Yes, it's Superman! Strange visitor from another planet, who came to Earth with powers and abilities far beyond those of mortal men. Superman, who can change the course of mighty rivers! Bend steel in his bare hands! And who, disguised as Clark Kent, mild-mannered reporter for a great metropolitan newspaper, fights a never-ending battle for truth, justice and the American way!
Adventures of Superman: The Complete First Season
Episodes / DVDs: 26 episodes on five discs
Starring: George Reeves as Clark Kent / Superman, Phyllis Coates as Lois Lane
Featuring: Jack Larson as Jimmy Olsen, John Hamilton as Perry White, Robert Shayne as Inspector William Henderson
Created in 1951, although it wouldn't air until the following year, Adventures of Superman was the first of its kind. While not the first actor to put on the costume, George Reeves, a former player in Gone with the Wind, was Superman in the mind of millions of baby boomers who watched him smile his way through scheme after scheme, gangster after gangster, rescuing Lois and Jimmy along the way.
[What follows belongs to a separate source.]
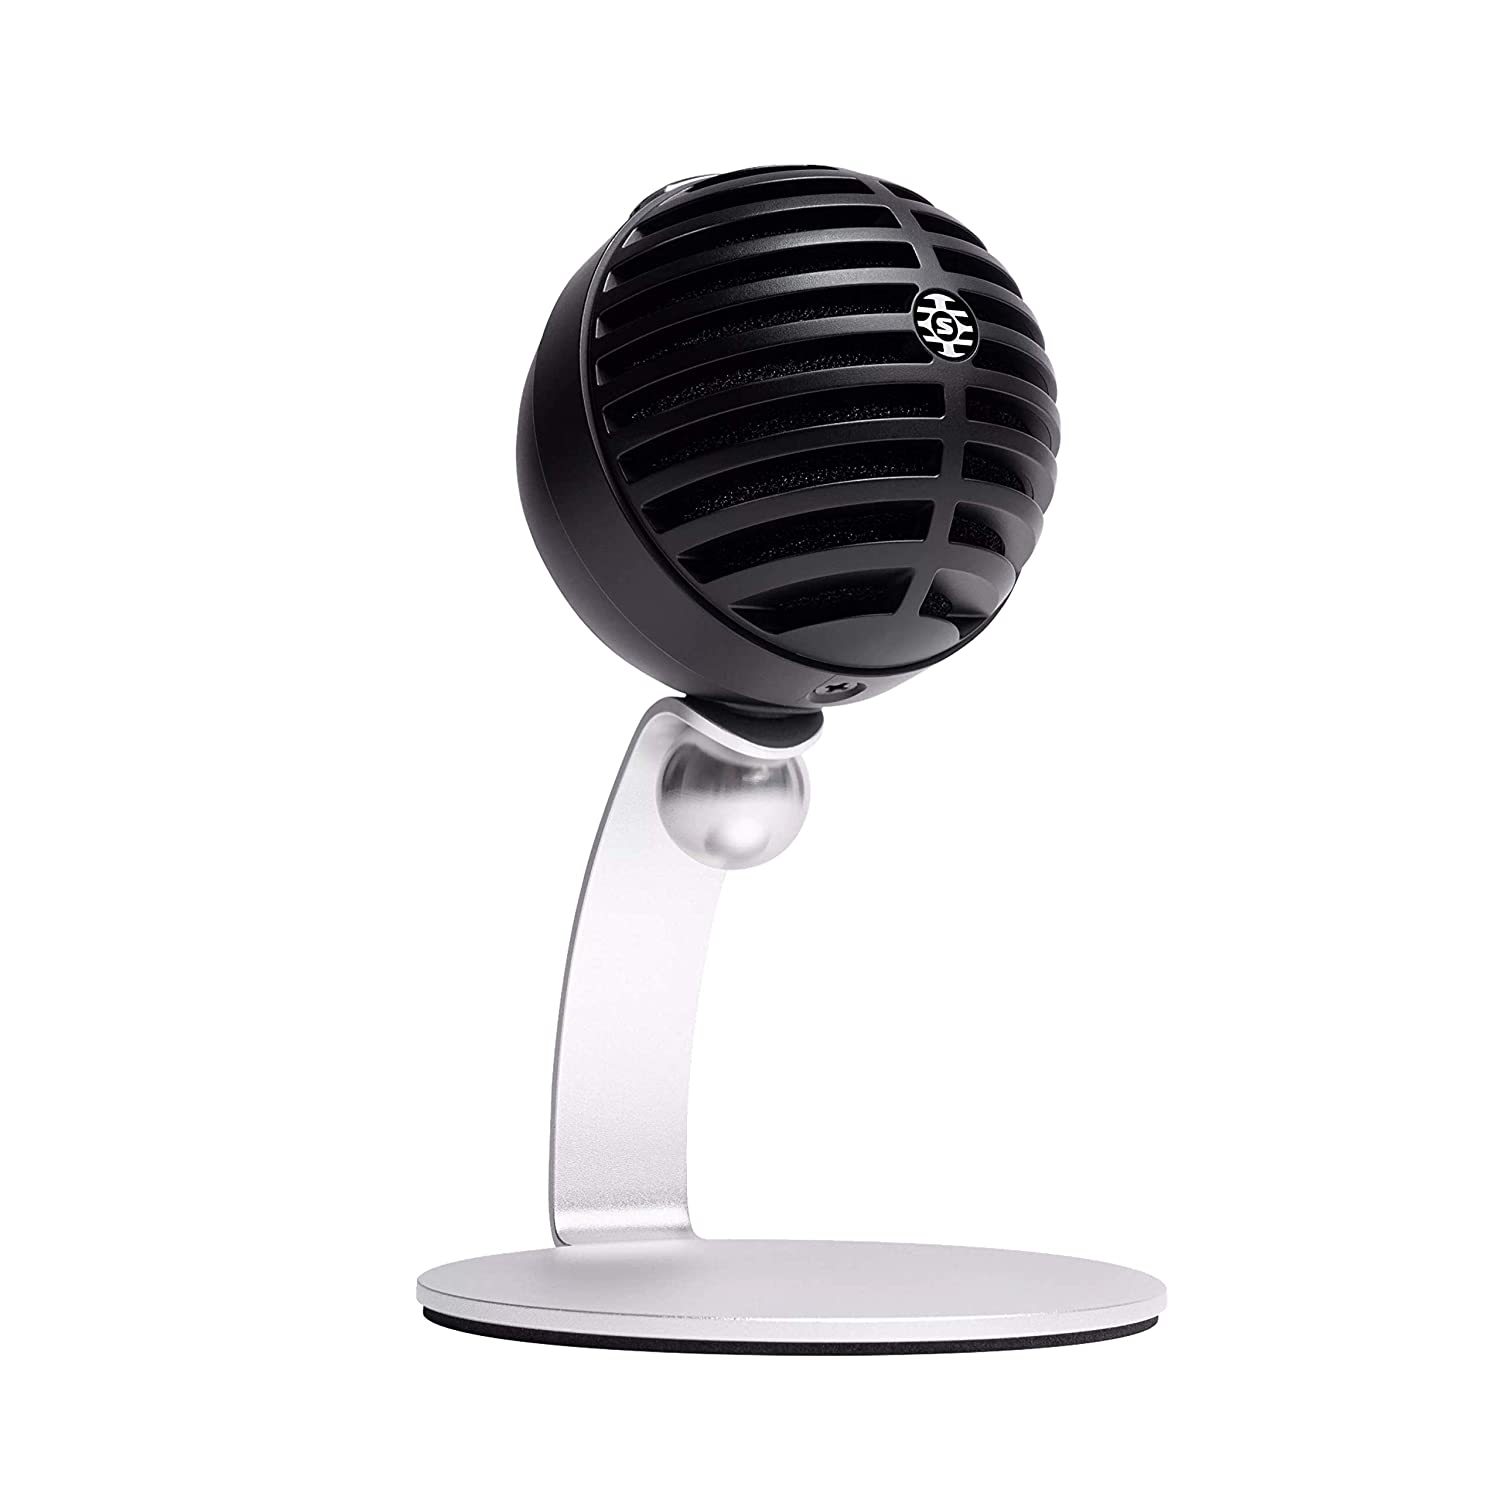 Shure MV5C Home Office Microphone, Conferencing Microphone for Mac & PC, Crystal

The man personifies Curt Swan's Superman to an extent that borders on frightening.
It's no secret that Reeves was desperately unhappy at the fact that his career had, in his mind, sunk to the point of taking a lead in a kids' show. As popular as Superman was in the early 1950s, he was far from being the American institution he is today. But Reeves never showed it. He was a trouper in every sense of the word. While this is a kids' show, and must be viewed in that mindset, this first year, filmed in black and white, was actually a lot straighter than the sheer goofiness that came later along with color film. Superman spends the entire season fighting gangsters and criminals, but they all look like they mean business and actually offer some palpable threat.
Until Dean Cain came on the scene and tried his hardest not to embarrass himself, this was it. This was Superman on TV. Yes, it looks cheaply made, with Superman shoving around an awful lot of foam rubber boulders. Yes, he flies by laying on a bench while a fan blows in his face. And yes, it can get pretty cornball. But I don't care. George Reeves is Superman.
And no, I didn't see this first run.
Superman on Earth
Writer: Richard Fielding
The Plot: Convinced the planet Krypton is about to explode, scientist Jor-El sends his infant son to safety by shoving him into a rocket and exploding it out from under him. (You know, we really don't give this origin story nearly enough critical thought.)
Good Stuff: The destruction of Krypton is pretty exciting, in a B movie sort of way. And they get to it fast; Krypton doesn't last six minutes into the episode.
Not So Good Stuff: You know you study too hard when a member of Krypton's Science Council says so. Apparently, they don't like their scientists to get too bogged down with, you know, science. Jeez, no wonder this planet blew up.
There's a scene with a young Clark in which he's dressed like a kid from the 1950s, in a leather bomber jacket and rolled-up jeans. That's fine, until you think about it for a minute and realize that a Clark who was fully grown in 1951 would have been 12 in the late 1930s.
This isn't limited to this series, but to the Superman story as a whole: Ma Kent makes his costume out of the blanket he came to Earth in, and it's totally impervious to fire and acid and all that, but she can cut and sew it with a pair of scissors she gets at Woolworth's?
Random Observations: The opening narration of the episode is lifted almost directly from the Fleischer cartoons.
The Kents are named Sarah and Eben, not Martha and Jonathan. They had been named Sarah and Eben in The Adventures of Superman, a novel written in 1942 by George Lowther. They would not receive their more familiar first names in the comics until the 1950s; prior to that, "Ma and Pa Kent" is what they were generally called.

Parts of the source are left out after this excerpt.